A home loan will help you make a great investment. If you opt for a loan in your mid-twenties, chances are by the time you turn 45, the home would be in your name. And by then its value would have appreciated considerably too, making it a great investment.

Owning a home through a home loan will give you the feel of financial success and will serve as a symbol of accomplishment. Your family members will have a space of their own and you won’t have to be under the control of a landlord.

If you’ve been planning to own a home, consider a home loan! It’s one of the easiest ways to make the dream of ownership come true. Speak to a financial advisor today and discuss how a home loan can benefit you.

Wednesday, 28 June 2017

Something you need to know about housing loan interest rates.

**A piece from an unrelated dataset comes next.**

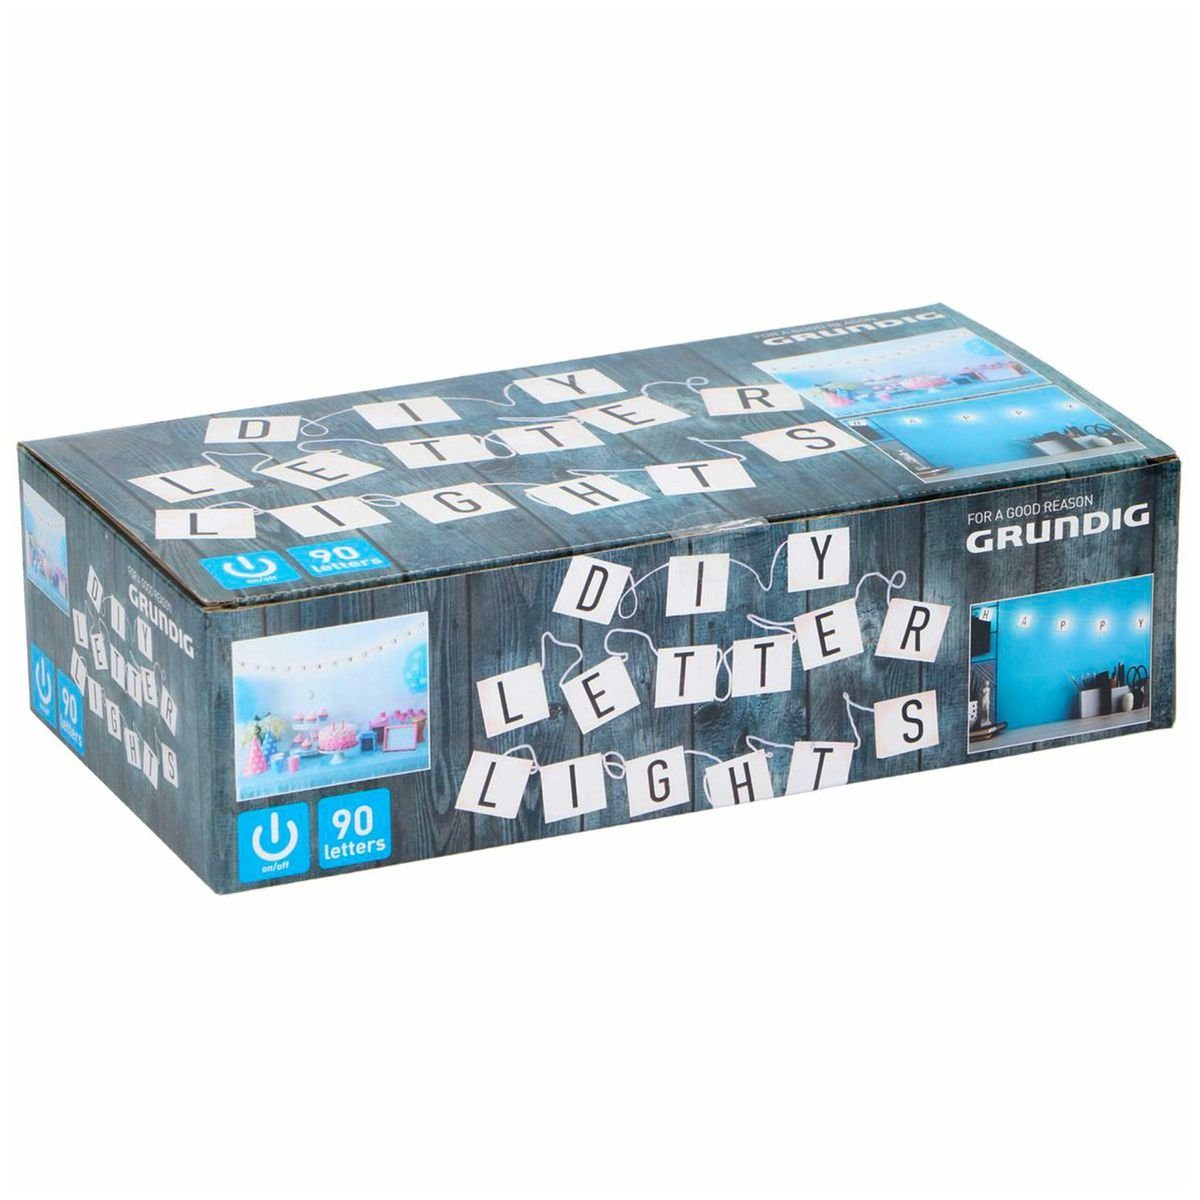 Grundig Lichterkette Letter Lichterkette LightBox 90 Symbole & Buchstaben Batteriebetrieben, inkl. Symbole und Buchstaben

Are you planning to buy a home at a price you can manage? Then with the ascending property prices, it is wiser to take the decision sooner. The financial organization lends you the required money at floating or fixed rate of interest. House loan interest is the extra amount you pay the financial organization for providing you the financial support. The rates at which different financial organizations provide the housing loan amount are variable in nature. The experts suggest the borrowers to visit some common aggregator and understand the lowest rates available in the market and then move ahead.

The rate of interest depends on the principal amount; the customer is borrowing from the institution for the purpose of buying an immovable property. The interest rate varies with different slabs, like: up to Rs. 35lakhs of principal amount you have to pay 8.7-9.1% per annum interest rate and for above Rs. 75 lakhs slab the organization punches a rate of 8.75-9.25% per annum. The banks and NBFCs provide a concession of 0.05% on the present rate of interest to its women customers.

There are three kinds of interest rates that the organization provides: fixed rate of interest, floating/adjustable rate and tru-fixed rate of interest. The rates are subject to change during the time of disbursement.

In the fixed rate of interest the customer borrows the 75-90% of the property value at a current fixed rate. The rate is constant for the whole loan term, irrespective of the financial health of the market. For example if the interest rate increases from 0.5-1%, then the customer gets the advantage and the lending institute bears the burden. Similarly if the rate decreases then the customer has to pay the same rate of interest at which he/she has taken the loan.

In floating/adjustable rate of interest, the house loan interest rate fluctuates. With the booming property values and inflation smitten interest rate, people were on the verge of getting dumped under debt pressure. Thanks to the floating rates. From 9-9.5% the rates have come down to almost 8.7-9.1%, this act as a buffer to the customers with old interest rate. Now they can save quite a lot of money, for the wintry days both in financial and personal life. So the floating rate changes depending on the market condition and customers can earn the benefit.

In truFixed rate of interest in house loan interest, the customer has to pay a fixed rate of interest for 2/3rd years of the tenure after that the rate switches to floating rate.

Considering the market condition the customer may switch from a fixed rate plan to floating rate plan. They may have to pay 2% of the balance money if the switching takes place before completion of 60 months of the total tenure.

The customers have to pay to pay the EMI monthly against the balance for as long as 30 years. With sufficient money they may close the loan account with pre-payment of the loan amount. The institute doesn’t punch any penalty for the pre-closure.

With so many options available at the finger tips, you can very patiently and wisely choose your financial organization to suit your purpose and purse. The best organization will be the one that will provide you maximum money for a longer tenure at a low rate of interest. So tighten your belts, dive into the home loan mission and don’t stop till you are debt free.